We consider the following two problems.

Problem 1

Given a sequence \(\mathcal {Y} = (y_1, \ldots , y_N)\) of points in \(\mathbb {R}^d\) and positive integers \(T_{\min }\), \(T_{\max }\) and \(M > 1\). Find a subset \(\mathcal {M} = \{n_1, \ldots , n_M\} \subseteq \mathcal {N} = \{1, \ldots , N\}\) of the index set of \(\mathcal {Y}\) such that

$$\begin{aligned} F_{1}(\mathcal {M}) = \sum _{j \in \mathcal {M}} \Vert y_{j} - \overline{y}(\mathcal {M}) \Vert ^2\longrightarrow \min \;, \end{aligned}$$

where \(\overline{y} (\mathcal {M})=\frac{1}{|\mathcal {M}|}\sum _{i \in \mathcal {M}} y_{i}\) is the centroid of \(\{ y_{j} \,|\, j \in \mathcal {M} \}\), under the constraints

$$\begin{aligned} T_{\min } \le n_m - n_{m - 1} \le T_{\max } \le N , \,\,\,\, m = 2, \ldots , M \;, \end{aligned}$$
(1)

on the elements of the set \((n_1, \ldots , n_M)\).

Problem 2

Given a sequence \(\mathcal {Y} = (y_1, \ldots , y_N)\) of points in \(\mathbb {R}^d\) and positive integers \(T_{\min },\, T_{\max }\), and \(M > 1\). Find a subset \(\mathcal {M} = \{n_1, \ldots , n_M\} \subseteq \mathcal {N}=\{1,\dots ,N\}\) of the index set of \(\mathcal {Y}\) such that

$$\begin{aligned} F_{2}(\mathcal {M})=|\mathcal {M}| \sum \limits _{j\in \mathcal {M}}\Vert y_j-\overline{y}(\mathcal {M})\Vert ^2 + |\mathcal {N}\setminus \mathcal {M}|\sum \limits _{i\in \mathcal {N}\setminus \mathcal {M}}\Vert y_i\Vert ^2\longrightarrow \min \;, \end{aligned}$$

where \(\overline{y}(\mathcal {M}) = \frac{1}{|\mathcal {M}|} \sum _{i \in \mathcal {M}}y_i\) is the centroid of \(\{y_j\,|\, j\in \mathcal {M}\}\), under the constraints (1) on the elements of the set \((n_1, \ldots , n_M)\).

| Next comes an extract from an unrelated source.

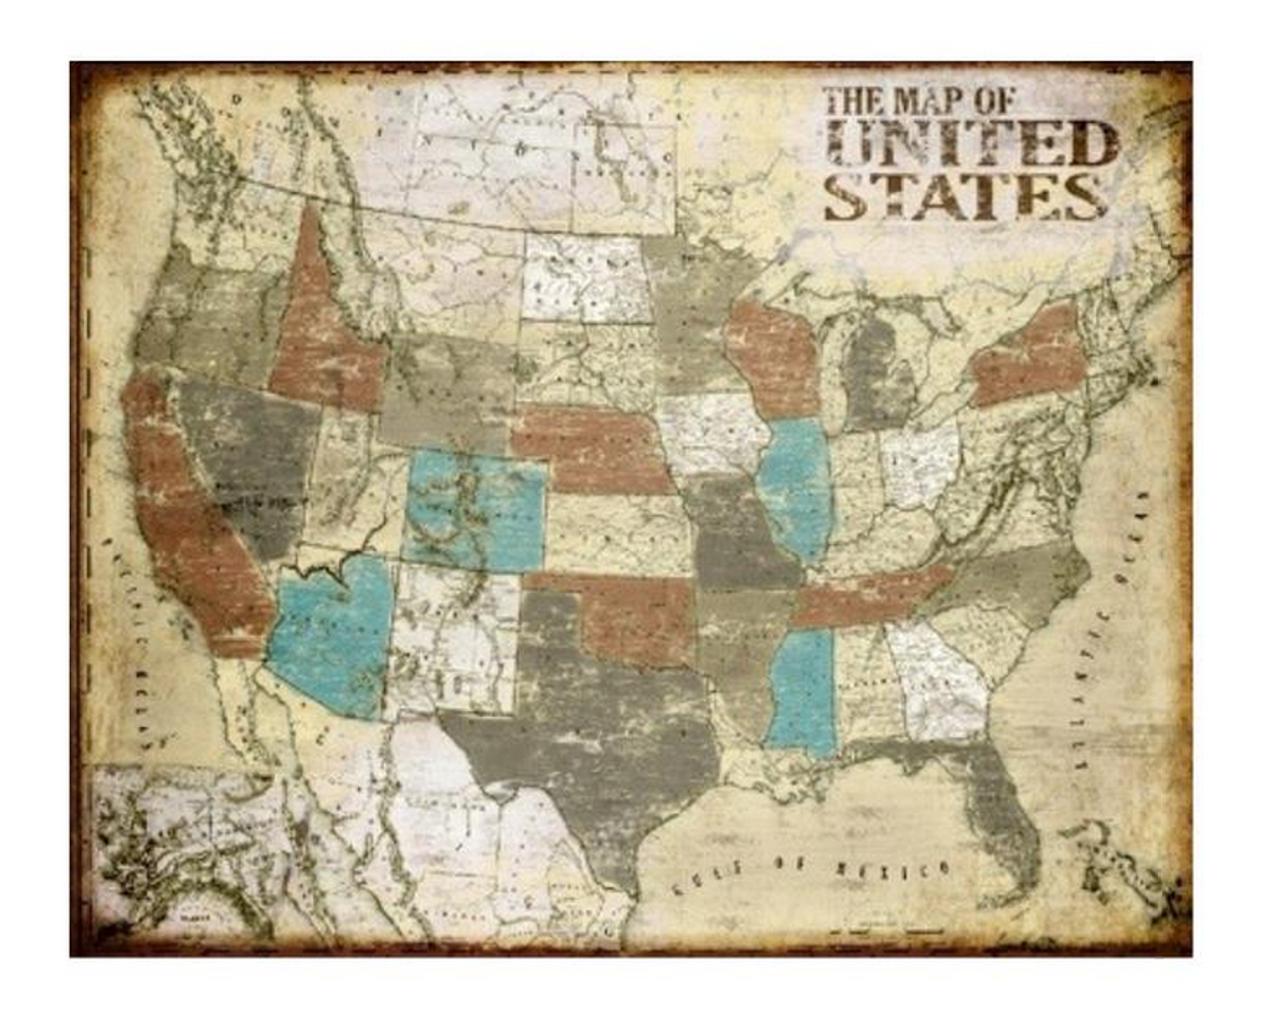 Vintage US Map Zin Home - Vintage us map
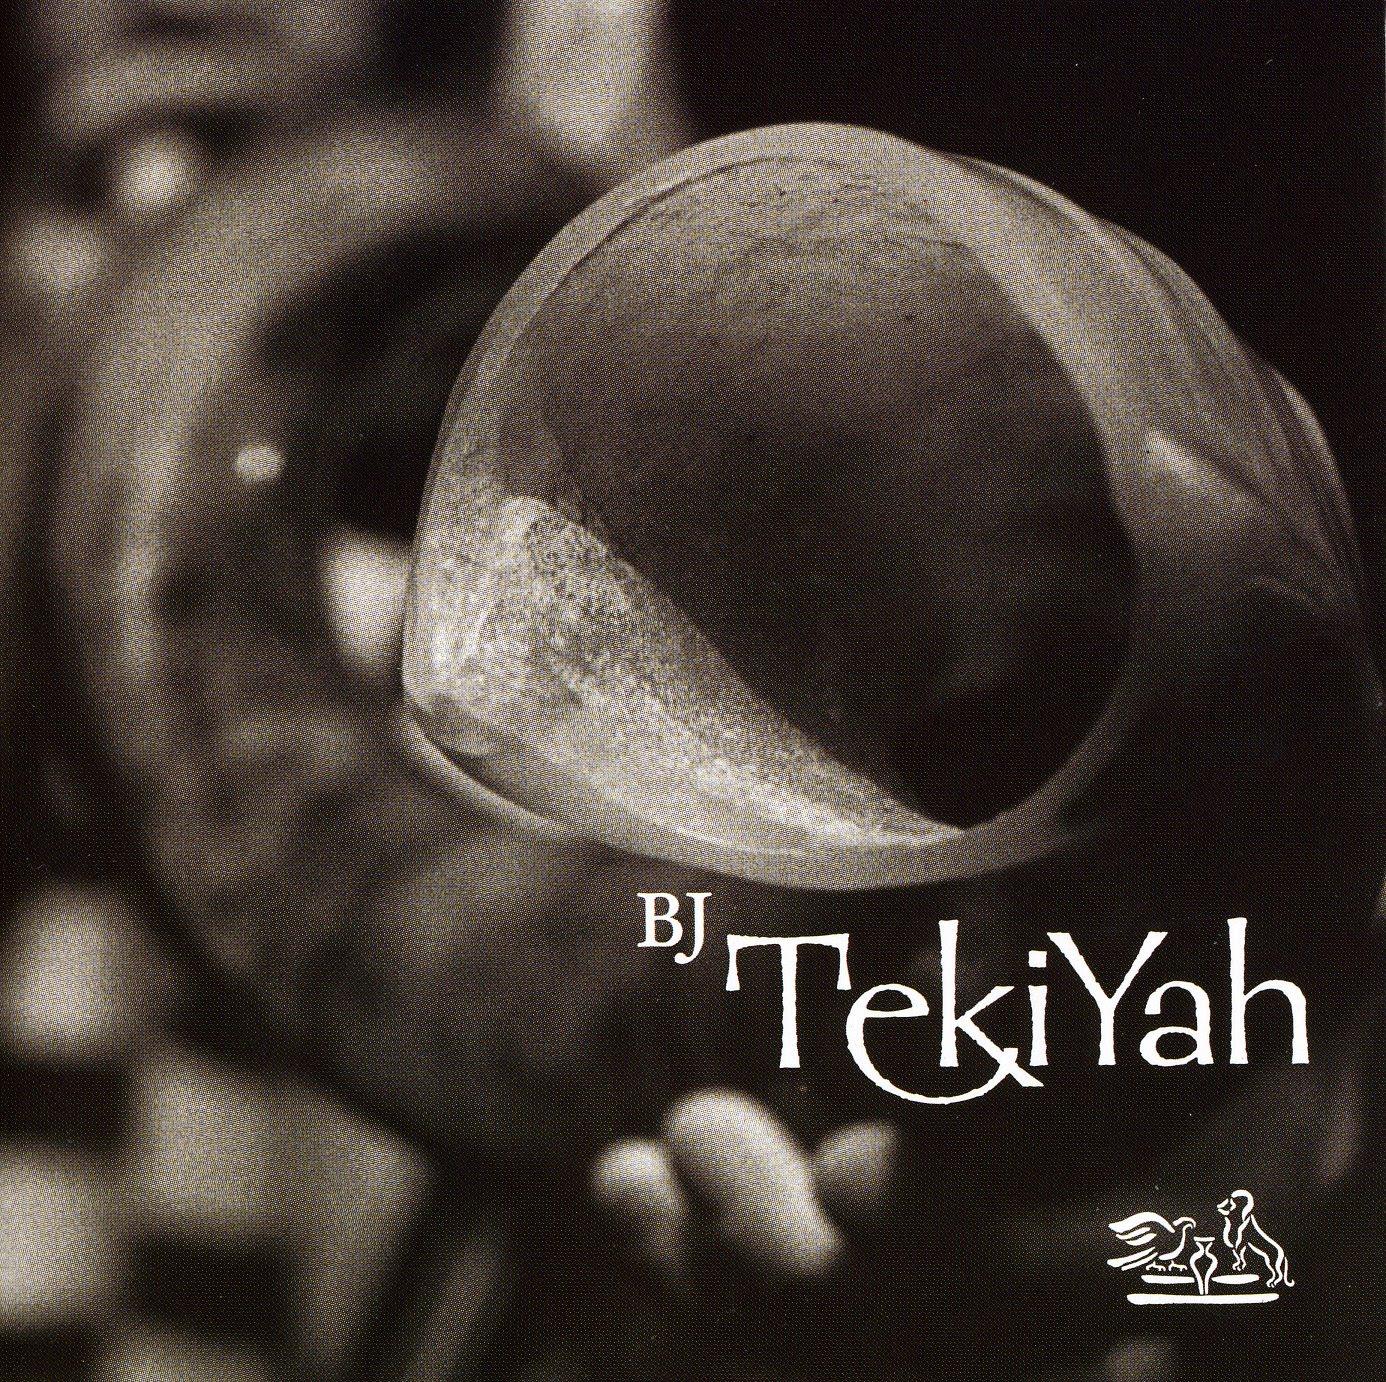 http://ak1.ostkcdn.com/images/products/3024770//bmmg/ent/Bnei-Jeshurun-TekiYah-High-Holy-Days-L737138707920.JPG

Problem 1 is induced by the following applied problem. Given a sequence \(\mathcal {Y}\) of N time-ordered measurements of d numerical characteristics of some object. M of these measurements correspond to a repeating (identical) state of the object. There is an error in each given measurement result. The correspondence of the measurement results to the states of the object is unknown. However, it is known that the time interval between two consecutive identical states is bound from above and below by the specified constants \(T_{\min }\) and \(T_{\max }\). It is required to find a subsequence of numbers corresponding to the measurements of the repeated state of the object.

In the special case when \(T_{\min } = 1\) and \(T_{\max } = N\), Problem 1 is equivalent to the well-known M-variance problem (see, e.g.,  [1]). A list of known results for M-variance problem can be found in  [2].

When \(T_{\min }\) and \(T_{\max }\) are parameters, Problem 1 is strongly NP-hard for any \(T_{\min } < T_{\max }\)  [3]. When \(T_{\min } = T_{\max }\), it is solvable in polynomial time.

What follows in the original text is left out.